Management analysts and consultants analyze and suggest solutions to management problems. For example, a rapidly growing small company may need help in designing a better system of control over inventories and expenses and decides to engage a consultant who is an expert in just-in-time inventory management. In another case, a large company which realizes its corporate structure must be reorganized after acquiring a new division brings in management experts to restructure the company and eliminate duplicate and non-essential managerial positions. These are just some of the many organizational problems that management analysts, as they are called in government agencies, and consultants, as business firms refer to them, help solve.
The work of management analysts and consultants varies with each client or employer and from project to project. For example, some projects require a team of consultants, each specializing in one area; at other times, consultants work independently with the organization's managers. In general, analysts and consultants first collect, review, and analyze information. They then make recommendations to management and may assist in the implementation of their proposal.
Both public and private organizations use consultants for a variety of reasons. Some don't have the internal resources needed to handle a project, while others need a consultant's expertise to determine what resources will be required, and what problems may be encountered, if they pursue a particular opportunity.
Firms providing consulting services range in size from a single practitioner to large international organizations employing many thousands of consultants.
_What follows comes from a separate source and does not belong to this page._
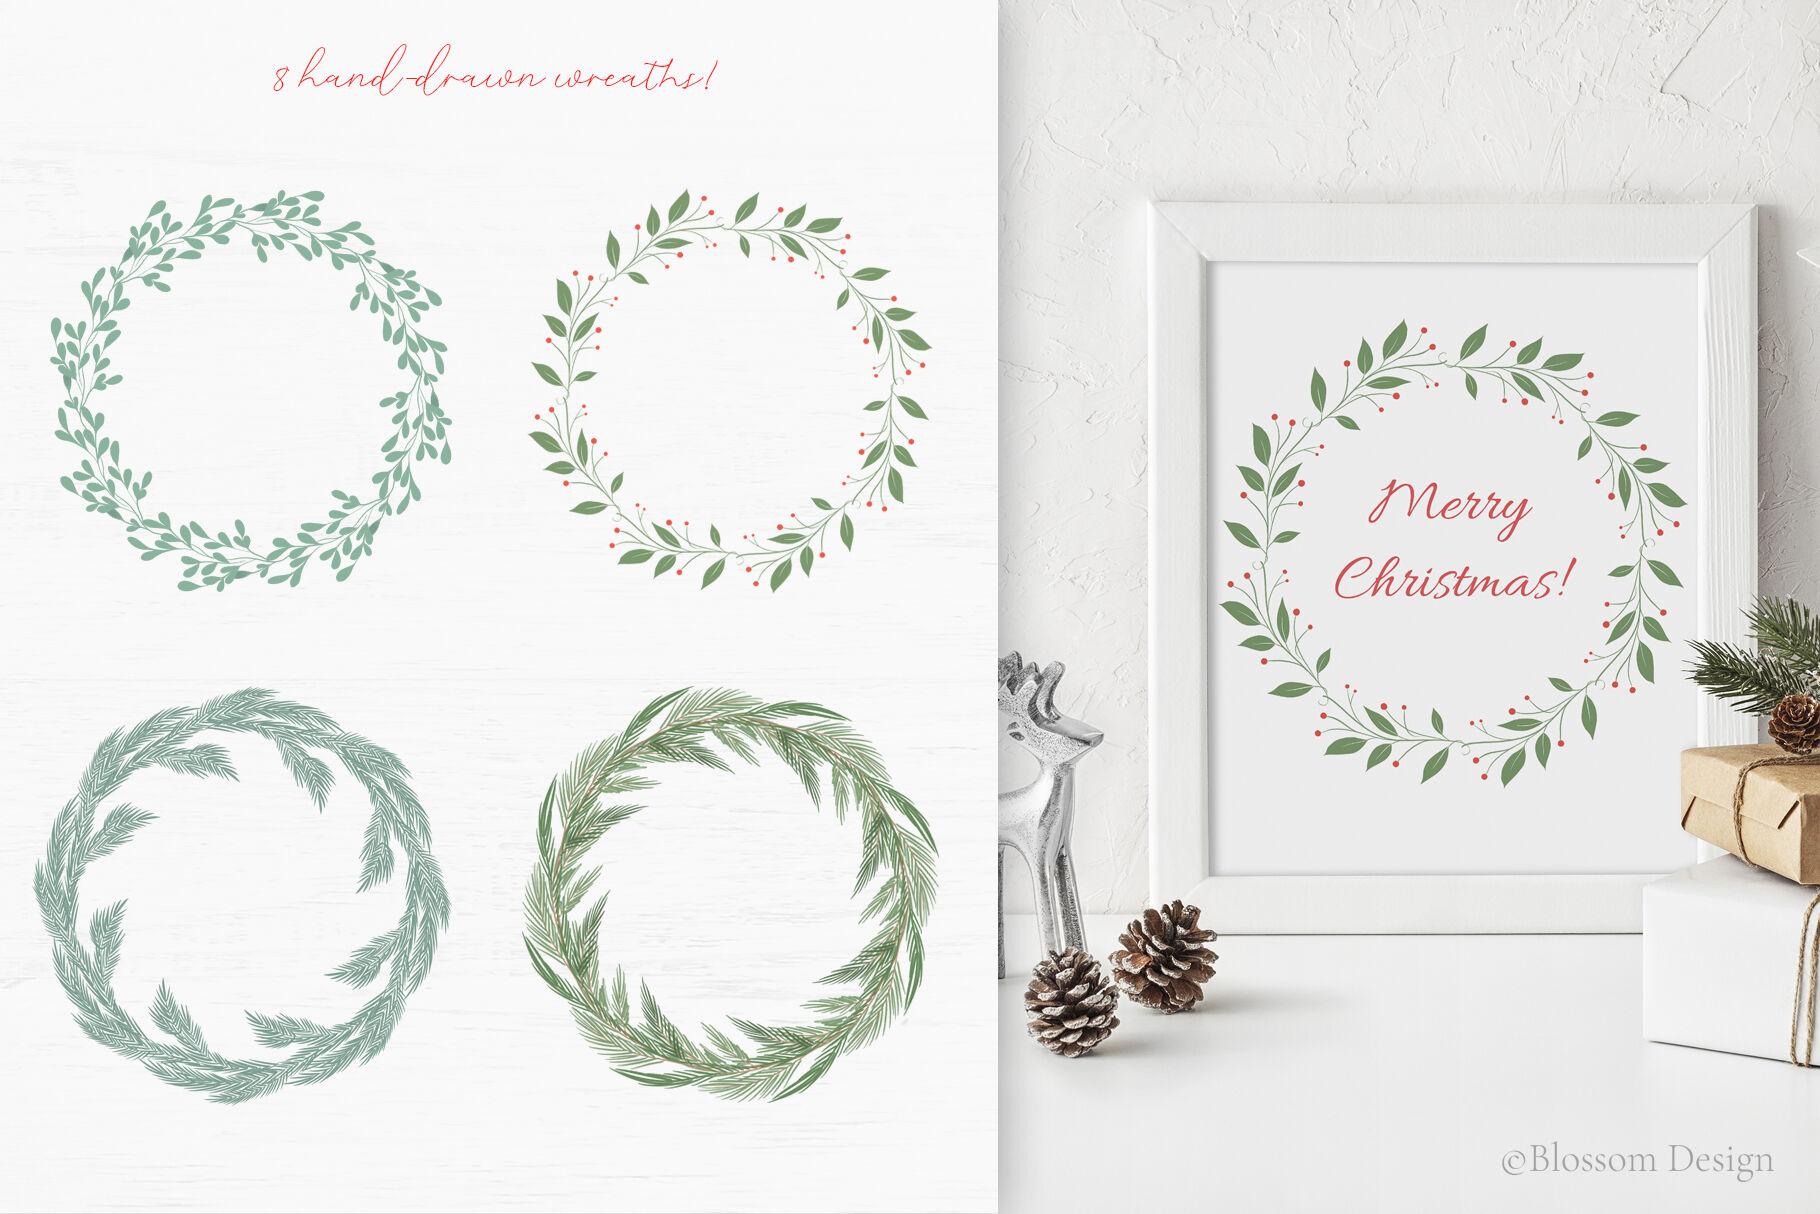 Merry Christmas Collection By Blossom Design Thehungryjpeg Com
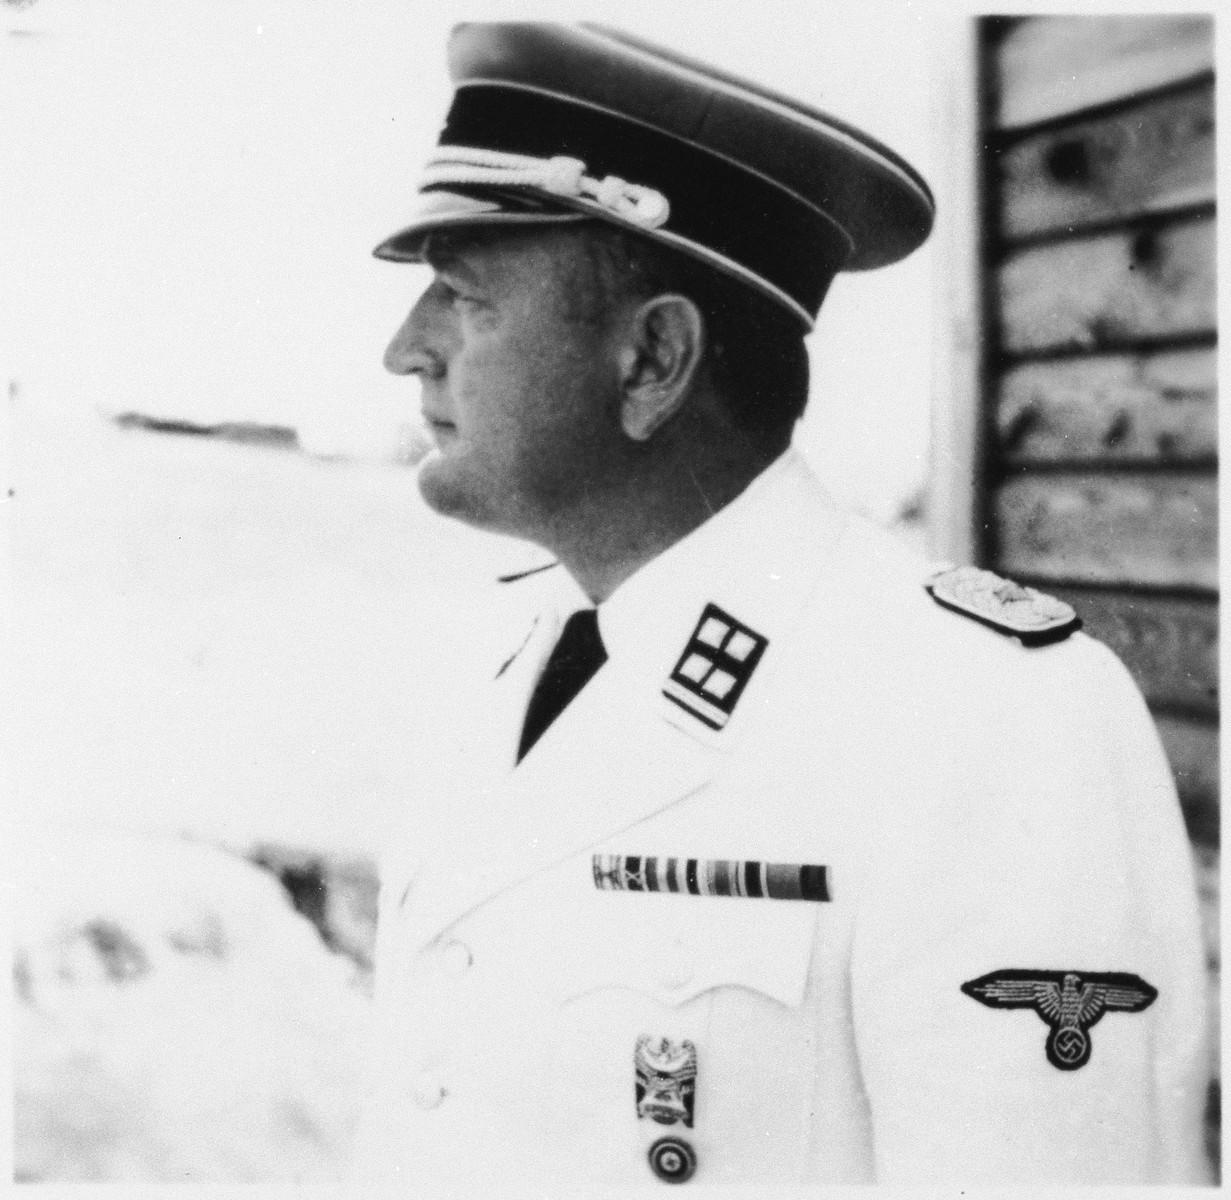 The commander of Gross-Rosen, SS- Obersturmbannfuehrer Arthur Roedl.

Some analysts and consultants specialize in a specific industry while others specialize by type of business function, such as human resources or information systems. In government, management analysts tend to specialize by type of agency. Consulting services often are provided on a contract basis. To engage a consultant, a company first solicits proposals from a number of consulting firms specializing in the area in which it needs assistance. These proposals include the estimated cost and scope of the project, staffing requirements, references from a number of previous clients, and a completion deadline. The company then selects the best proposal for its needs.
Upon getting an assignment or contract, consultants or management analysts define the nature and extent of the problem. During this phase of the job, they analyze pertinent data such as annual revenues, employment, or expenditures and interview managers and employees while observing their operations.
The analyst or consultant develops solutions to the problem. In the course of preparing their recommendations, they take into account the nature of the organization, the relationship it has with others in that industry, and its internal organization and culture. Insight into the problem may be gained by building and solving mathematical models.
Once they have decided on a course of action, consultants report their findings and recommendations to the client, often in writing. In addition, they generally make oral presentations regarding their findings. For some projects, this is all that is required. For others, consultants assist in the implementation of their suggestions.
Management analysts in government agencies use the same skills as their private-sector colleagues to advise managers on many types of issues, most of which are similar to the problems faced by private firms. For example, if an agency is planning to purchase personal computers, it must first determine which type to buy, given its budget and data processing needs. Management analysts would assess the various types of machines available by price range and determine which best meets their department's needs.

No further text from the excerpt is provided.